Clothes contain stories, texts within textile, interwoven. The women of Cap Est who are in jeopardy stitched theirs into this collection while helping the designers realize their surface narrative. Vaillant said they have been working with their partner in Kyiv for a year so far: “We do a lot of tailoring, and what is important to us as well as the quality is the price. We want to dress the new generation, so we cannot do jackets for 2,000 euros.”
This show placed this collection within the pressure cooker arena in which the insecure adolescent chrysalis is forged into the self-aware young adult butterfly: high school. On a runway framed by school lockers and to an excellent faux-radio broadcast of upbeat disaffection—Babylon Zoo to Placebo—the models first emerged as laconically withdrawn, cloistered in those hooded pieces of generically reinvented tailoring. These did indeed work (as in look 9) with the hood/lapel worn back off the head. Other cleverly twisted takes on tailoring were the disassembled jacket crop tops and miniskirts and a twist-fronted Le Smoking jacket with cut outs at the midriff whose construction translated finely into menswear fleeces and trench coats. A waistcoat, sometimes cut in a crystal pinstripe, also incorporated a hood that came with cute little Batman ears. Aran knit short-sleeved bodies featuring that hood and a circular cutout at the back were eccentric takes on a preppy knitwear mafia staple. Jeans and leather pants that were worn as gaiters cut to just above the knee were a funny riff on low-waistband rebellion.
Upcycled Adidas Gazelles and zip-decorated pumps aside, notable footwear included chisel toed articulated soled derbies whose vectored shape was inspired by the Tesla Cybertruck prototype. Coperni’s emblematic Swipe bag—recently worn in Euphoria—appeared in blown glass: calamity was avoided when the model carrying it caught her heel on the runway and pitched forward before pulling off a graceful recovery.

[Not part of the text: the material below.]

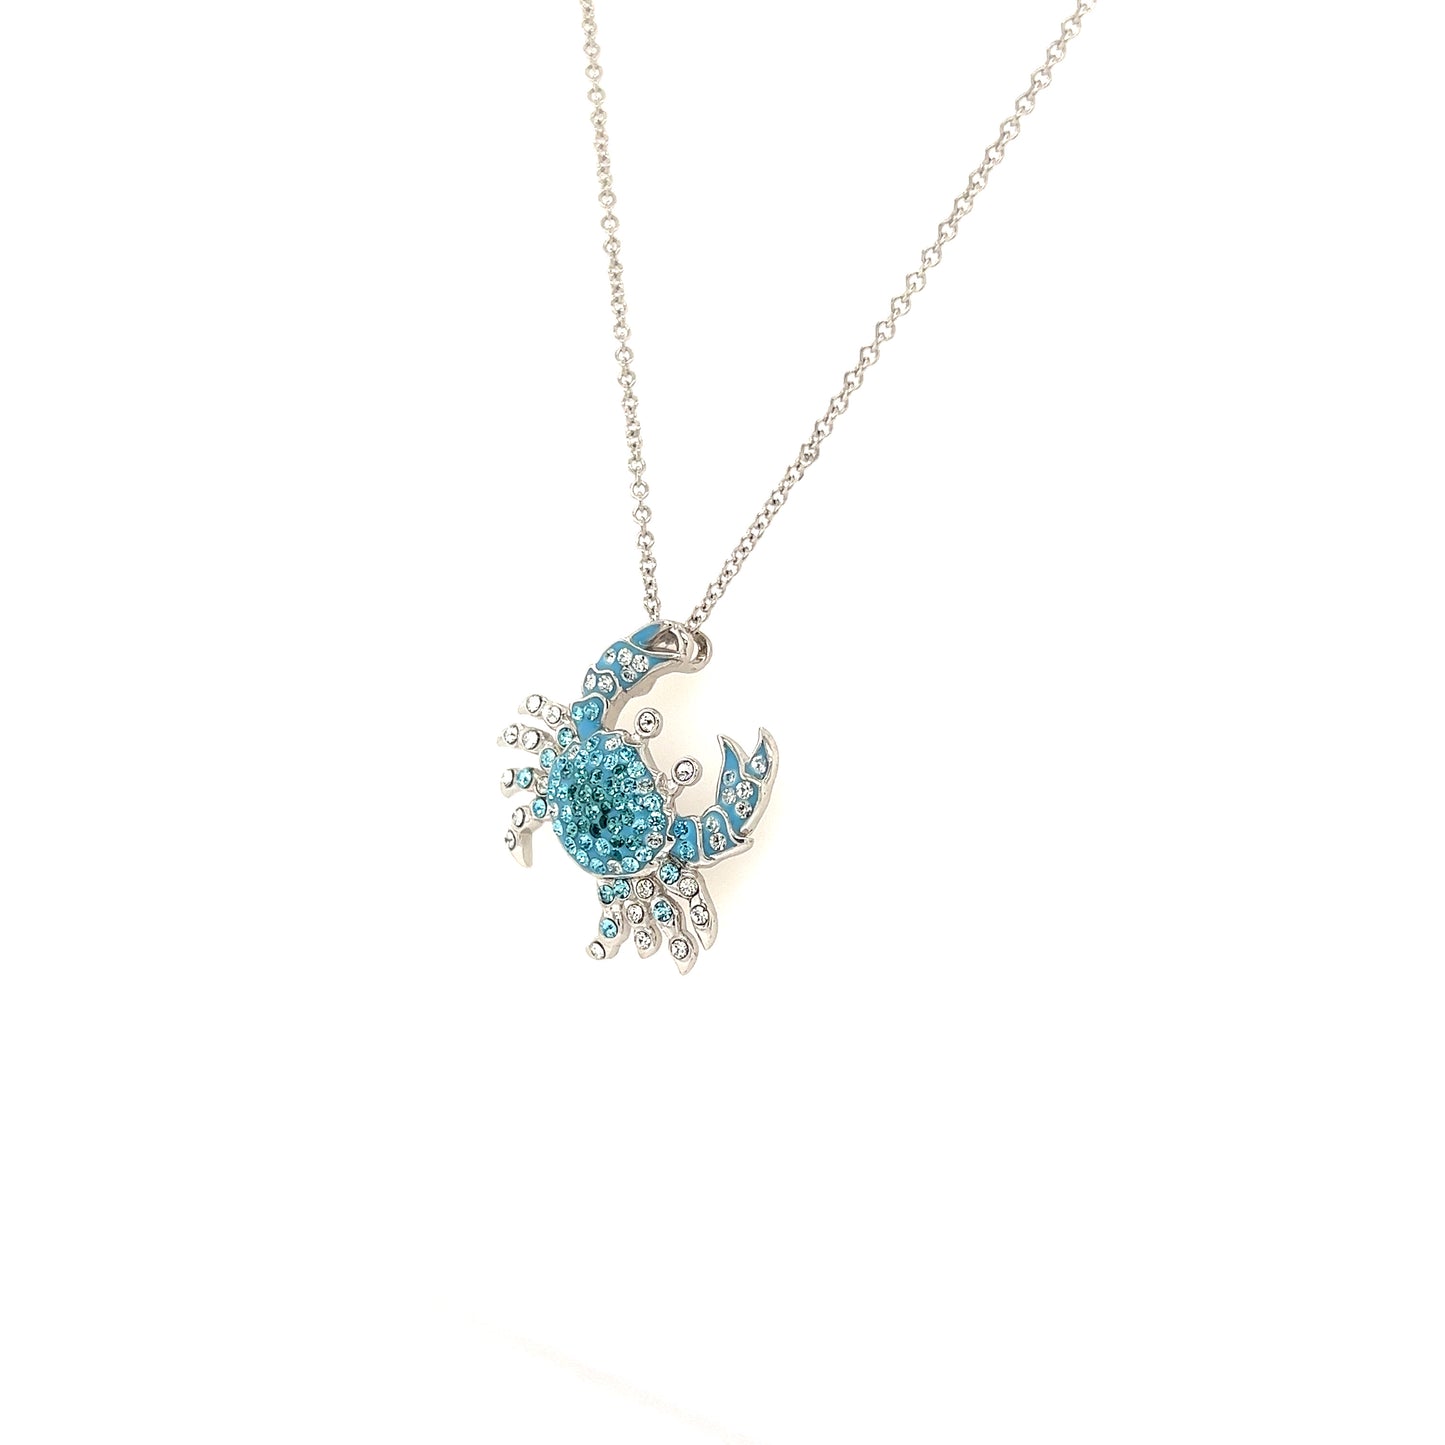 Blue Crab Necklace with Aqua and White Crystals in Sterling Silver Right Side View

We shifted towards the big butterfly-emerges moment—prom night, of course—via a grungily pretty asymmetric dress in white French velvet worn with those Adidas, and a super clever minidress made entirely of upcycled ties. Prom queen candidate gowns substituted tulle for rose strewn latex and a dancefloor’s worth of who’s-sorry-now sheer minidresses. This was an extremely witty collection that was very cleverly conceived by the designers—and wonderfully cut by those Kyiv craftswomen.